→ Required work
Reproduce the listing in full. Omit the pictures.

→ Data excerpt
******************************

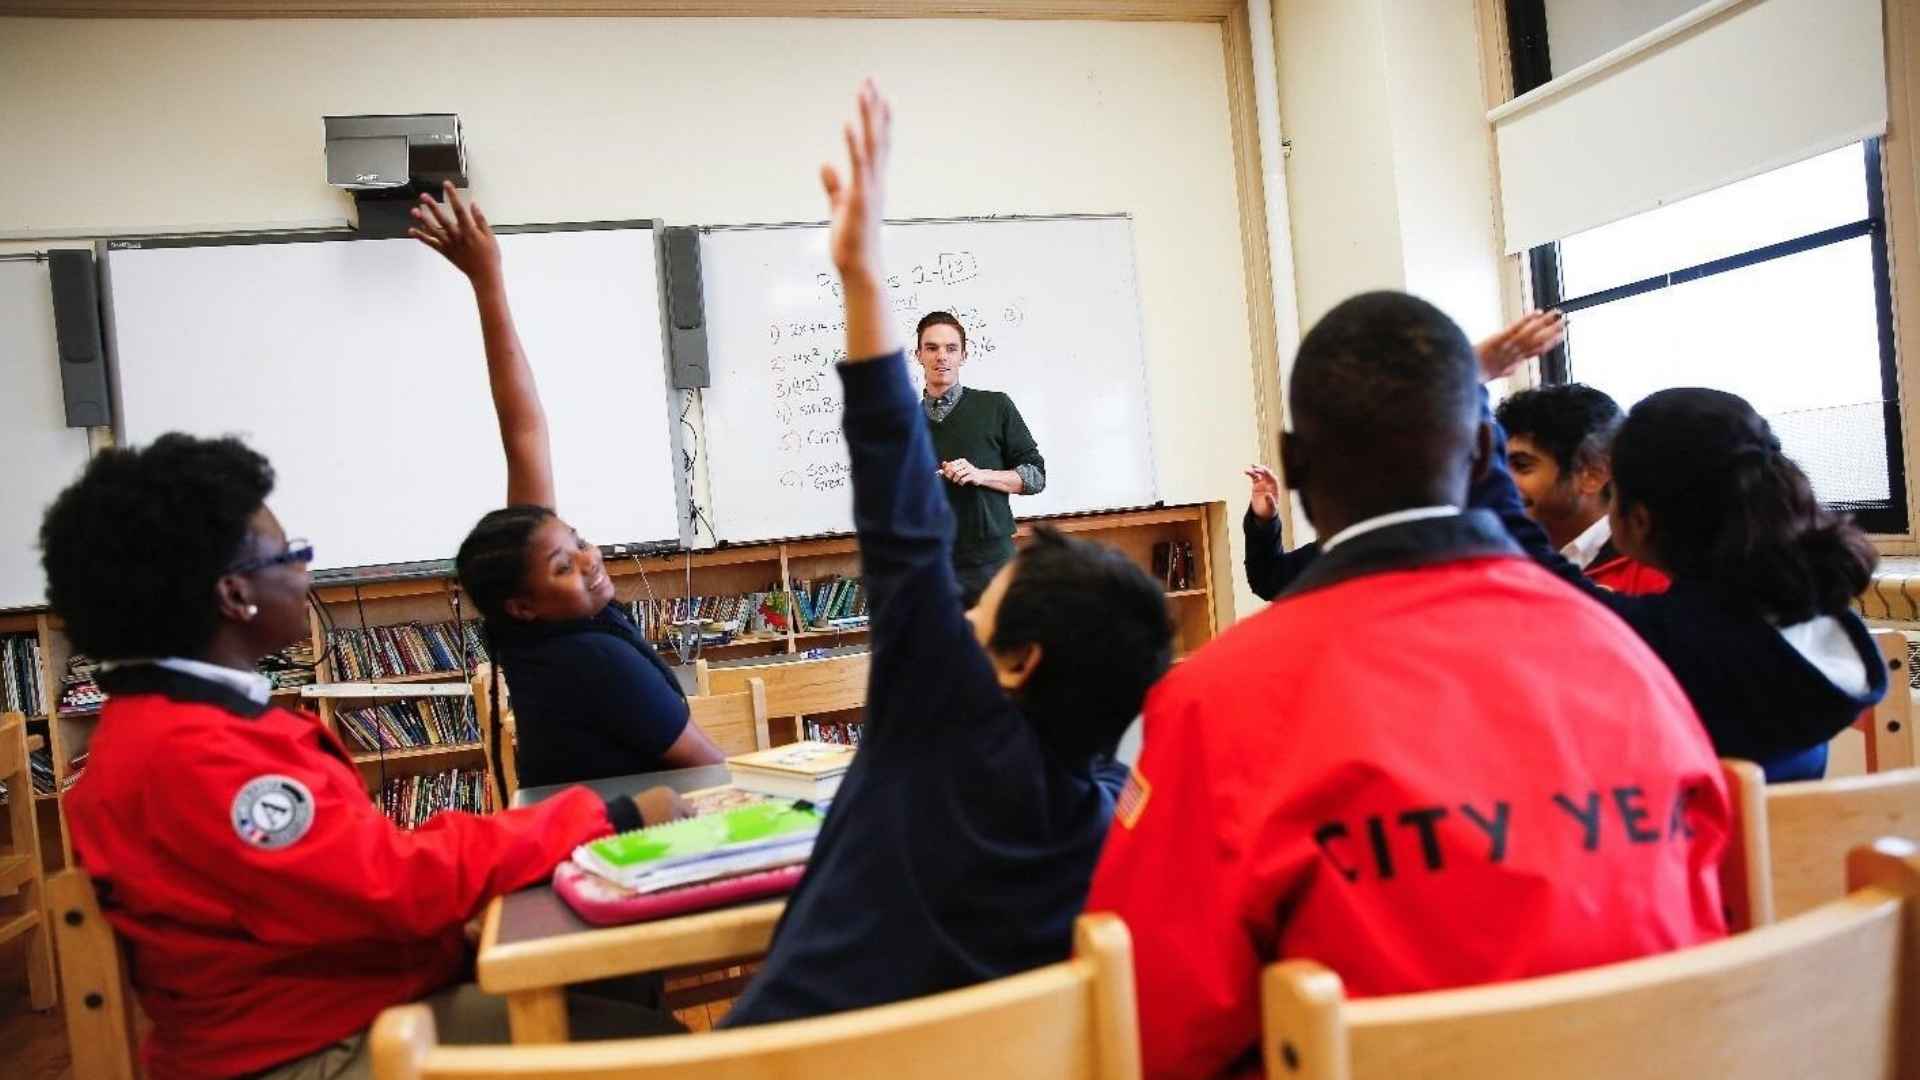 After earning his Bachelor of Science in molecular and cellular biology, he returned to California for a gap year and served as a volunteer with City Year Los Angeles through AmeriCorps, teaching and helping underserved youth, both in the classroom, with homework and after school recreational activities.
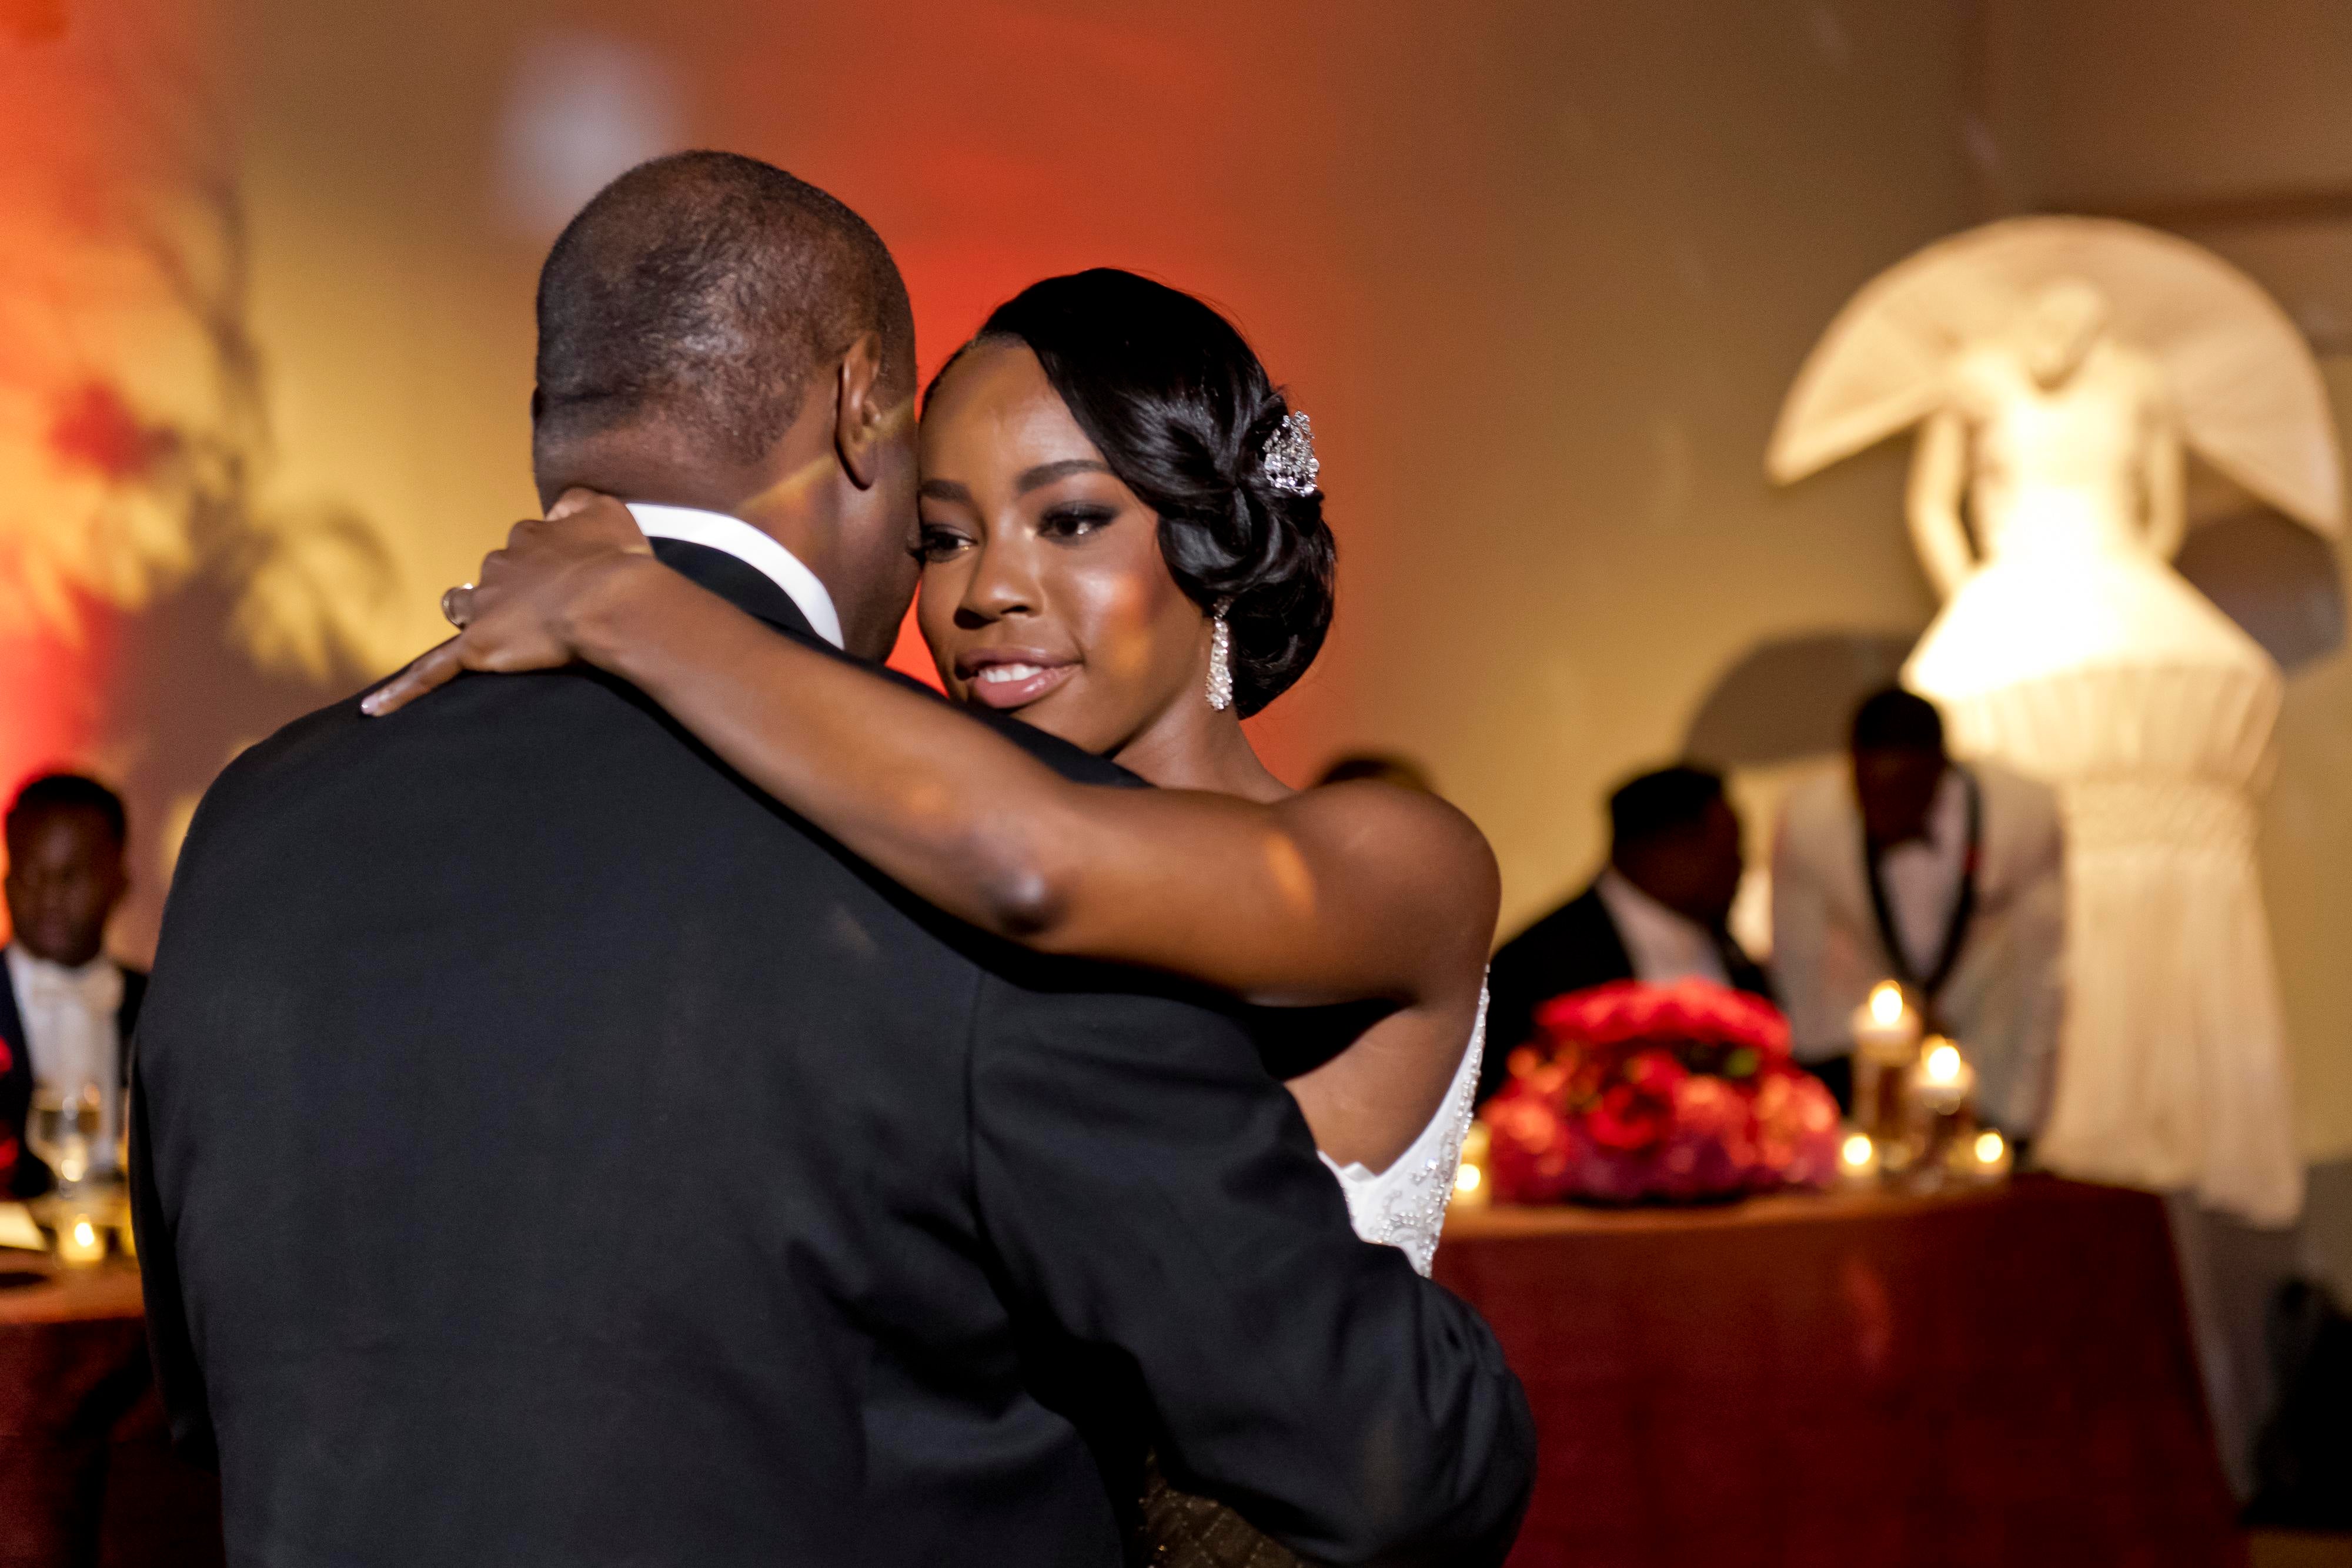 Bridal Bliss: Pierre And Myriam's Wedding In The Gallery Of Amazing Things Was Truly Amazing
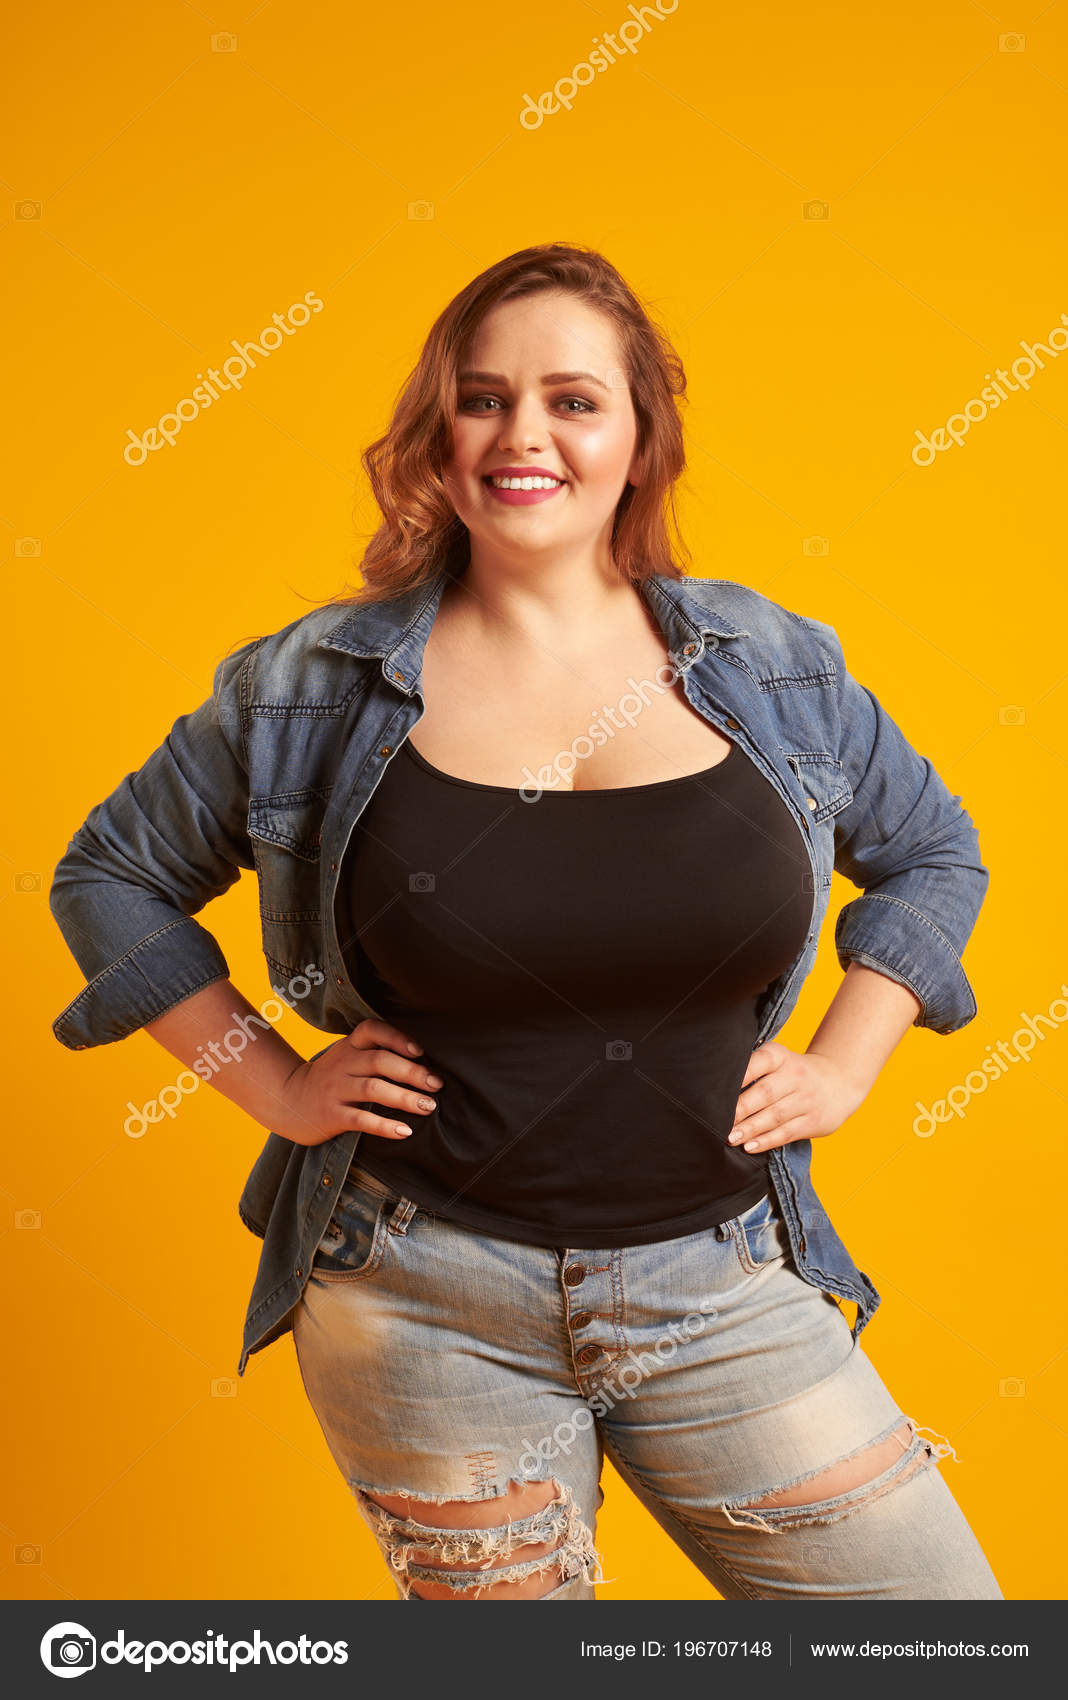 godkende Retfærdighed dug Beautiful plus-size model with big breast smiling at camera Stock Photo by  ©konstantynov 196707148

******************************

→ Task result
 After earning his Bachelor of Science in molecular and cellular biology, he returned to California for a gap year and served as a volunteer with City Year Los Angeles through AmeriCorps, teaching and helping underserved youth, both in the classroom, with homework and after school recreational activities.
 Bridal Bliss: Pierre And Myriam's Wedding In The Gallery Of Amazing Things Was Truly Amazing
 godkende Retfærdighed dug Beautiful plus-size model with big breast smiling at camera Stock Photo by  ©konstantynov 196707148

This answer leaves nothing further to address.